3. The apparatus of claim 1 or 2, wherein said apparatus further
includes random pattern generating means for generating a random
pattern which minimizes an error between a waveform of a
synthesized speech obtained by exciting said all-pole filter means
with one of a plurality of predetermined random patterns and a
waveform of said phase-equalized speech in a window during which
said decision signal is unvoiced.
4. The apparatus of claim 1 or 2, wherein said impulse sequence
generating means includes vector quantizing mans for vector
quantizing the magnitude values of said impulses determined by said
impulse magnitude calculating means.
5. A method for analyzing a speech to generate parameters
representing an input speech waveform including parameters of an
excitation signal for exciting a linear filter representing a
speech spectral envelope characteristic, comprising the steps
of:
producing a phase-equalized prediction residual of the input speech
waveform;
determining reference time points where levels of said
phase-equalized prediction residual exceed a predetermined
threshold;
determining whether the input speech waveform in each of a
plurality of successive analysis windows, each of which is of fixed
time length, is voiced or unvoiced sound;
obtaining the difference between intervals of successive ones of
said reference time points in each analysis window;
when the input speech waveform is voiced sound, selecting impulse
positions based on said reference time points such that when the
difference between the intervals of the successive reference time
points in each analysis window is within a predetermined range, the
reference time points are selected as impulse positions, and when
the difference between the intervals of the successive reference
time points exceeds the predetermined range, impulse positions are
selected by moving or deleting the reference time points or
inserting reference time points to define a sequence of
quasi-periodic impulses so that the differences between successive
reference time points are within said predetermined range the
positions of said quasi-periodic impulse sequence being one of the
parameters representing said excitation signal; and
so selecting magnitudes of the respective impulses of the
quasi-periodic sequence in each analysis window as to minimize an
error between the phase-equalized speech waveform and a synthesized
speech waveform obtained by exciting said linear filter with said
quasi-periodic impulse sequence, the magnitudes of the
quasi-periodic impulses being another of the parameters
representing said excitation signal.
6. The method of claim 5 wherein, before being applied to said
linear filter, said quasi-periodic impulses are processed by a zero
filter, said method including the step of selecting coefficients of
said zero filter which minimize an error between said
phase-equalized speech waveform and a synthesized speech waveform
obtained by exciting said linear filter with the output of said
zero filter, whereby said processing of said quasi-periodic
impulses by said zero filter gives the sequence of said
quasi-periodic impulses features of the waveform of said
phase-equalized prediction residual signal, and using said
coefficients of said zero filter as one of said parameters
representing said excitation signal.
7. The method of claim 5 or 6 wherein said excitation signal is
used for a voiced sound and a random sequence selected from a
plurality of predetermined random patterns is used as an excitation
signal for an unvoiced sound, said method including so selecting
one of said predetermined random patterns representing said
excitation signal for said unvoiced sound as to minimize an error
between said phase-equalized speech waveform nd a synthesized
speech waveform obtainable by exciting said linear filter with said
random patterns, and using said selected one of the predetermined
random patterns to produce one of the parameters representing the
input speech waveform.
Description
BACKGROUND OF THE INVENTION
The present invention relates to a speech analysis-synthesis method
and apparatus in which a linear filter representing the spectral
envelope characteristic of a speech is excited by an excitation
signal to synthesize a speech signal.
Heretofore, linear predictive vocoder and multipulse predictive
coding have been proposed for use in speech analysis-synthesis
systems of this kind. The linear predictive vocoder is now widely
used for speech coding in a low bit rate region below 4.8 kb/s and
this system includes a PARCOR system and a line spectrum pair (LSP)
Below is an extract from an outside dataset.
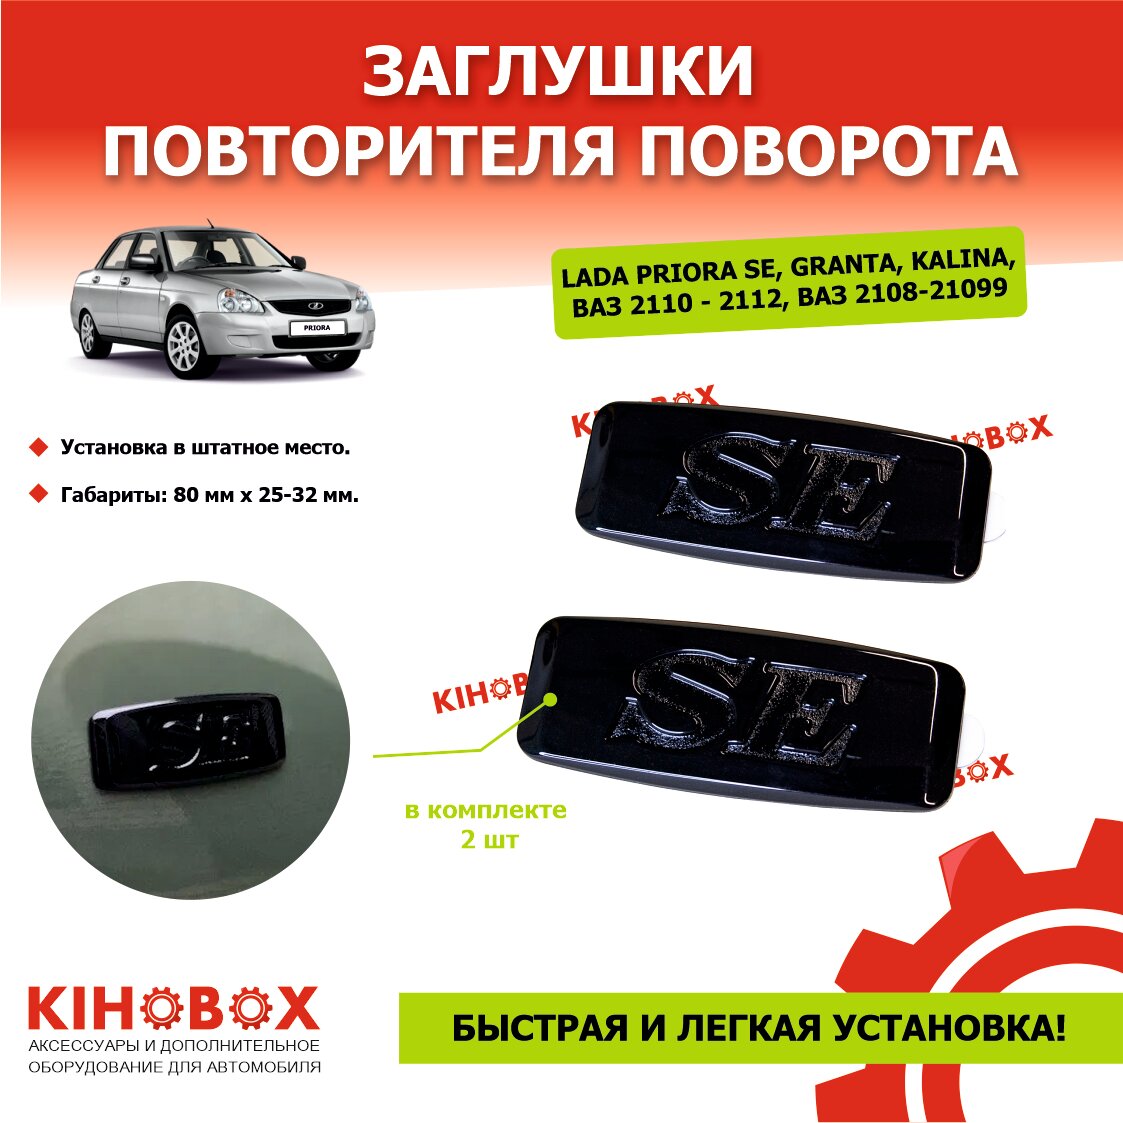 Заглушки повторителя поворота Лада Приора SE (весь модельный ряд) черные 2 шт KIHOBOX АРТ 5524102

system. These systems are described in detail in Saito and Nakata,
"Fundamentals of Speech Signal Processing," ACADEMIC PRESS, INC.,
1985, for instance. The linear predictive vocoder is made up of an
all-pole filter representing the spectral envelope characteristic
of a speech and an excitation signal generating part for generating
a signal for exciting the all-pole filter. The excitation signal is
a pitch frequency impulse sequence for a voiced sound and a white
noise for an unvoiced sound. Excitation parameters are the
distinction between voiced and unvoiced sounds, the pitch frequency
and the magnitude of the excitation signal. These parameters are
extracted as average features of the speech signal in an analysis
window about 30 msec. In the linear predictive vocoder, since
speech feature parameters extracted for each analysis window as
mentioned above are interpolated temporarily to synthesize a
speech, features of its waveform cannot be reproduced with
sufficient accuracy when the pitch frequency, magnitude and
spectrum characteristic of the speech undergo rapid changes.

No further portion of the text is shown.